Focusing resources on people who have a greater risk of becoming hospitalized or dying should be the priority when it comes to testing and being targeted for the booster shots, he said.
Canada needs to approach the WHO’s policies with a “different perspective” than it may have two years ago, due to its immunized population, he added.
“COVID is still an issue and I’m still seeing patients face-to-face…and it’s different [compared to 2020],” he said. In 2020, if he saw a patient over 85 with COVID-19 it was considered a death sentence. But with the widespread vaccination, he’s been happy to see older people be able to recover at home. “That context is important- look at what’s actually happening in the clinical scenario,” he said.
INDOOR MASK USE
The only protection available other than vaccines are masks, said Bach.
In research published in January 2022, Bach and other researchers found that surgical and N95 masks were up to 95 per cent effective at reducing viral particles that pass through the mask layers.
And with the upcoming cold weather that will drive people into more indoor settings, mask use could be an easy barrier against infection, said Bach. But he acknowledges it will likely be very difficult to convince people to put masks back on after mask mandates have been lifted.

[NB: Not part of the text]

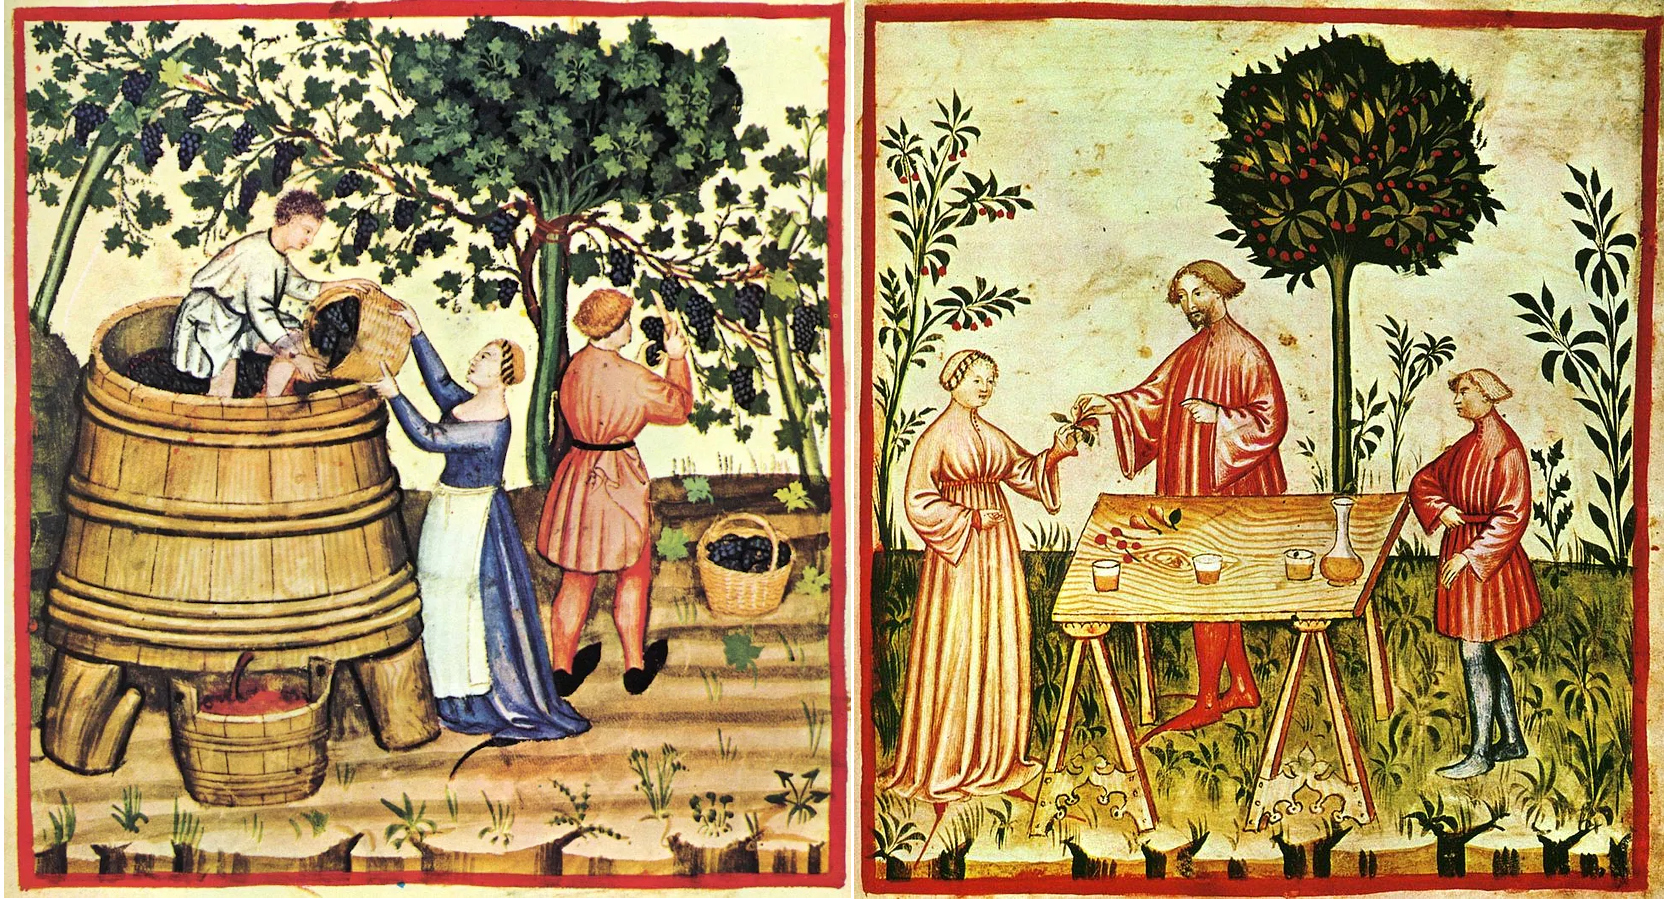 Średniowiecze: wyrób i degustacja wina. Ilustracje ze średniowiecznej księgi.
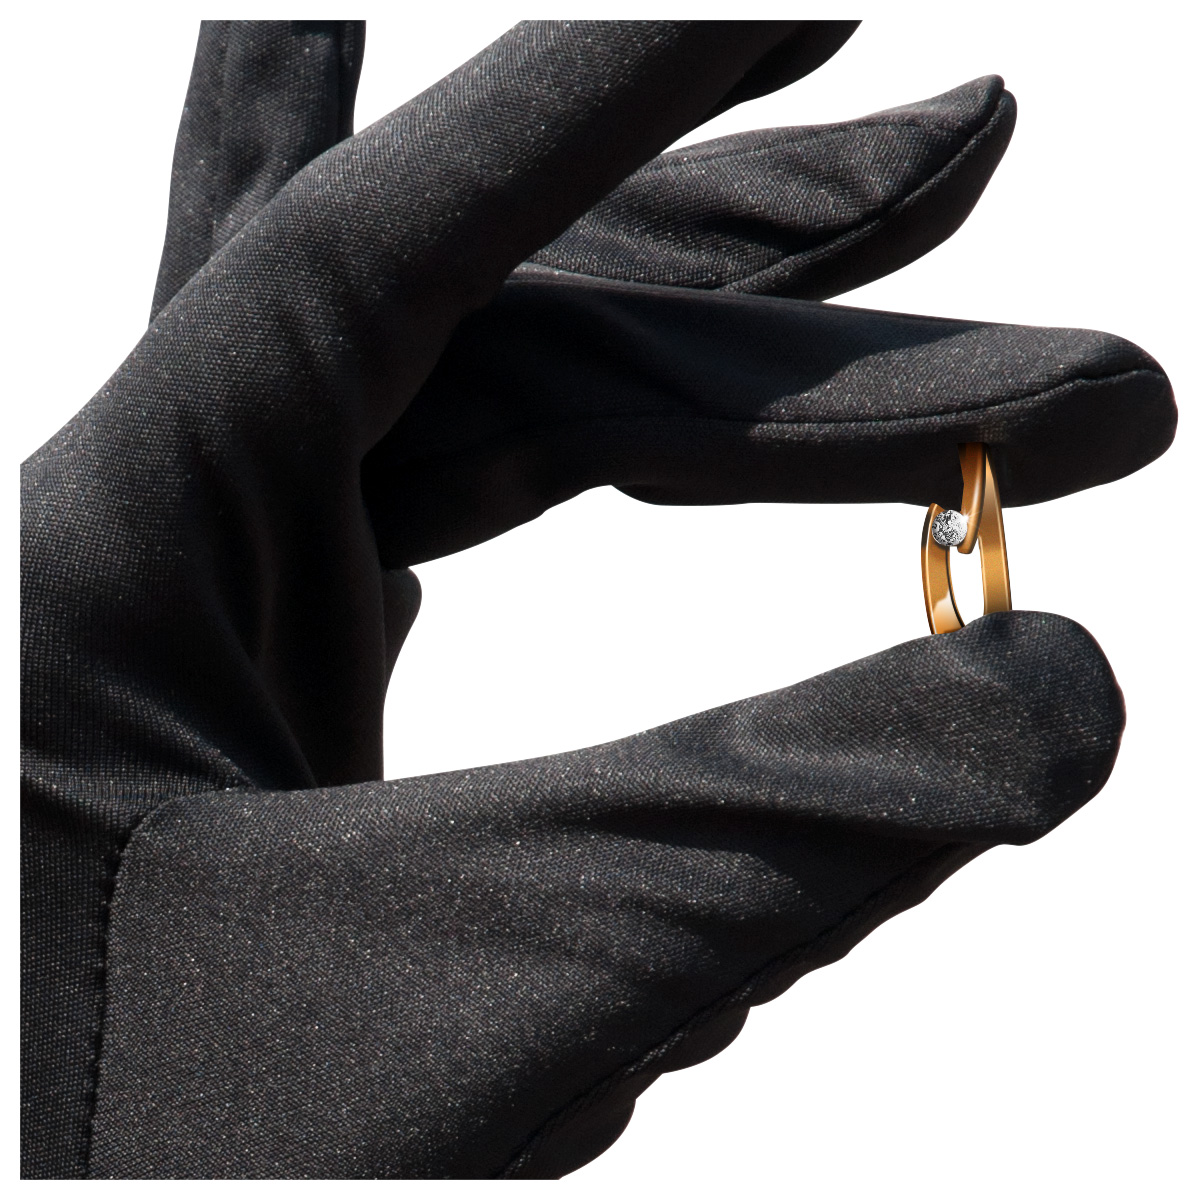 Mikrofaser Handschuh-Paar Haute Couture, schwarz, Größe S

Last week, Ontario’s top doctor Dr. Kieran Moore warned he will make more recommendations on masking as a “difficult winter” is ahead when it comes to COVID-19.
“Now we are going through the cold weather and all the events will be indoors, and nobody will use masks,” said Bach.
Schools are incubators for COVID-19, and without masking requirements there either, the next few months could go badly, he explained.
Communication is one of the most important factors that the WHO has listed, and there are some shifts the government could take to increase trust, said Chakrabarti.
More clear messaging, from media and the government about why the bivalent vaccine is beneficial and necessary will help better prepare Canada for the fall and winter, added Bach. Especially as recent data has shown how long-COVID can impact people and hospital systems.
“The government, I think they need to implement a way to communicate directly…just saying ‘get the bivalent’ is not helping. You have to explain further,” he said.